* Goal of the exercise: Only the lines from the one with "BLACK Smocked Open-Shoulder" through the end of the data below belong in the answer, restated word for word, pictures excluded.

* Source material:
━━━

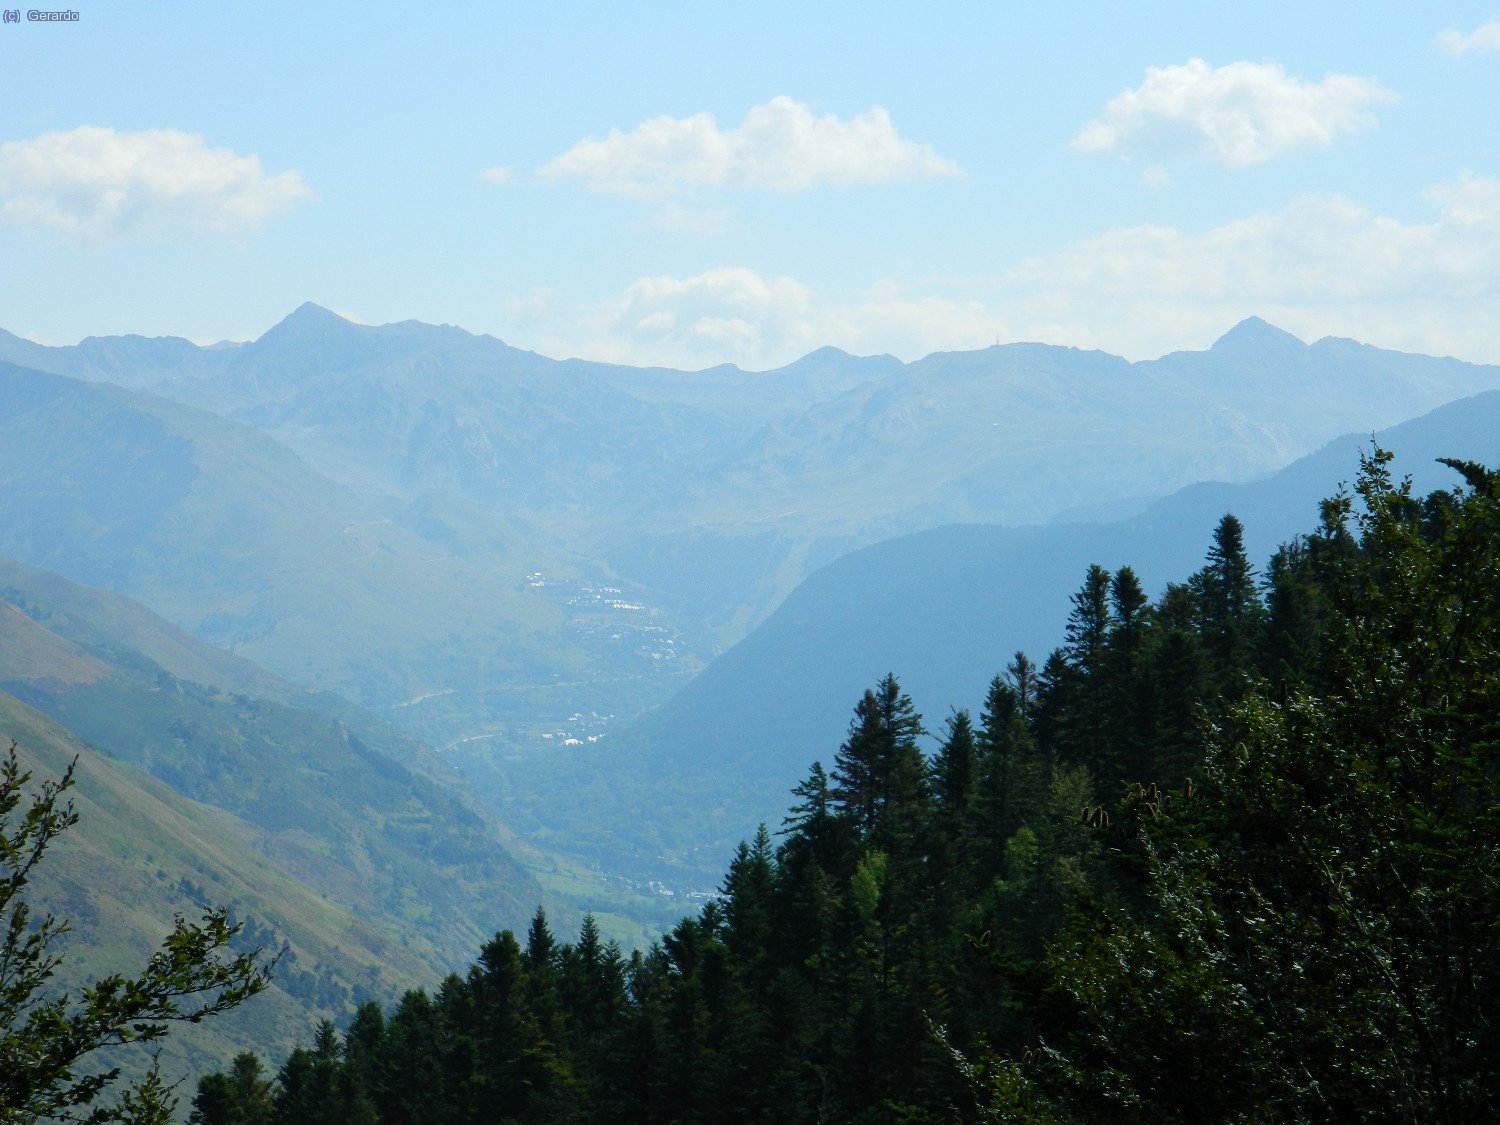 A la siguiente jornada, el Tuc de Baciver a la izquierda y el de la Llansa a la derecha, fotografiados desde una pista forestal por encima del pueblo de Casau.
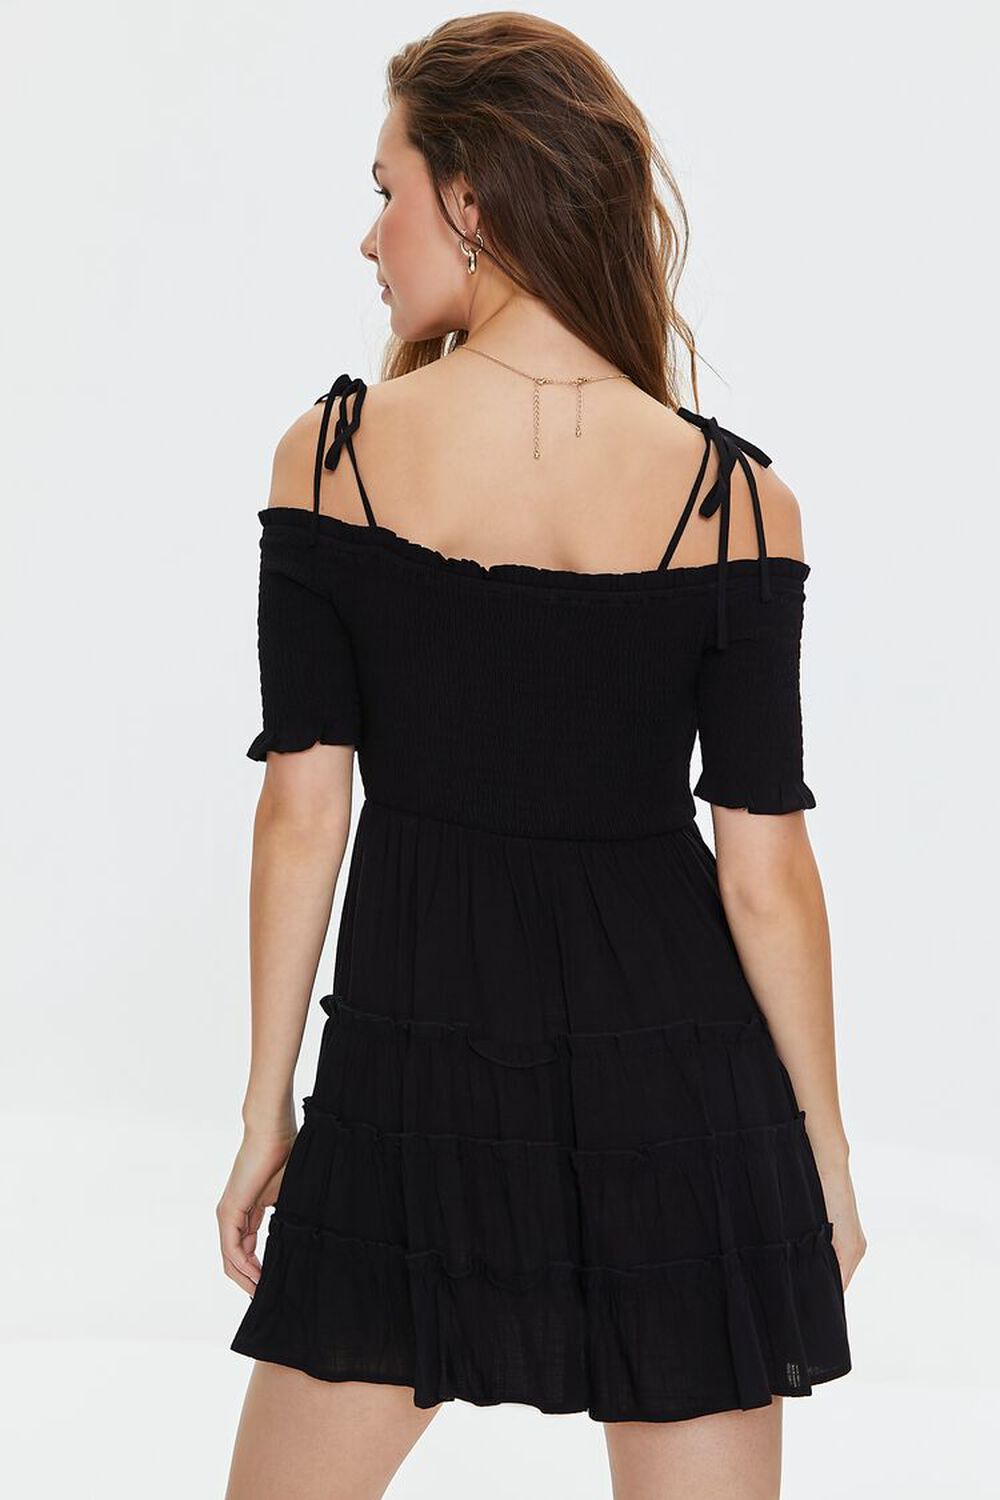 BLACK Smocked Open-Shoulder Mini Dress, image 3
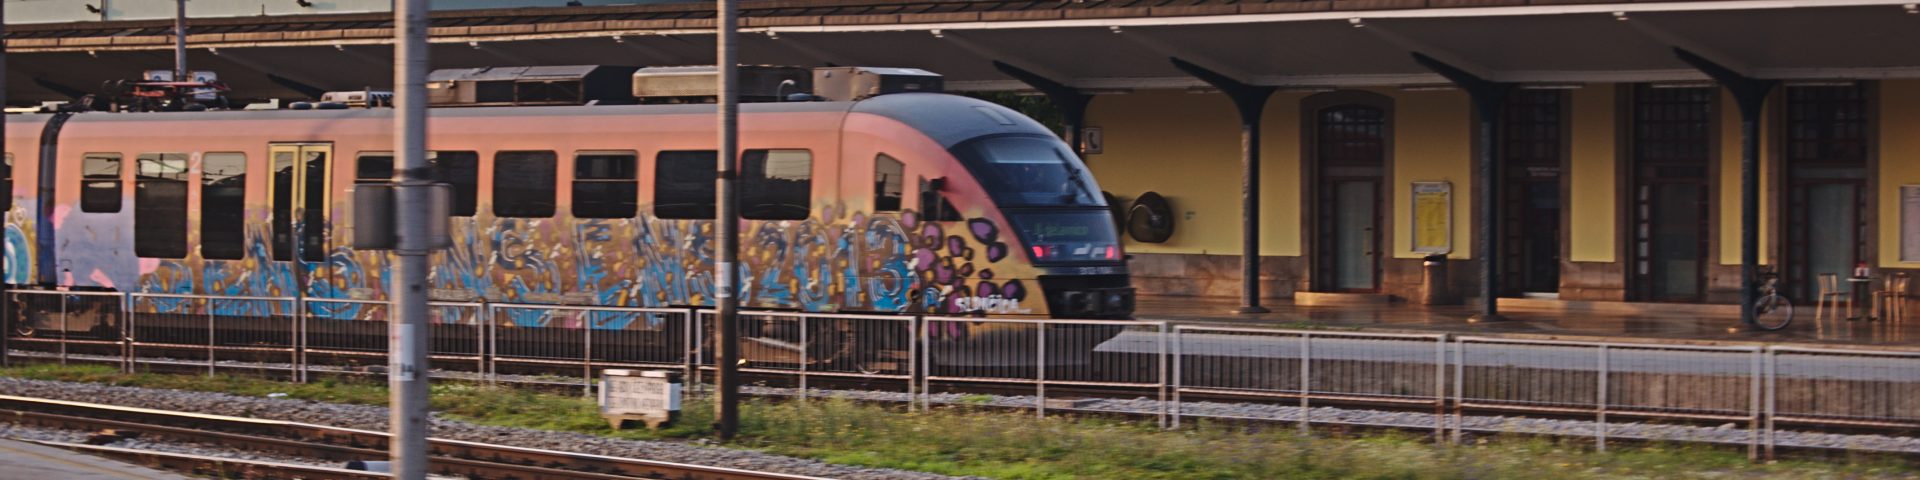 Zug in slowenien interrail planen alter zug mit grafitti

━━━

* Response:
 BLACK Smocked Open-Shoulder Mini Dress, image 3
 Zug in slowenien interrail planen alter zug mit grafitti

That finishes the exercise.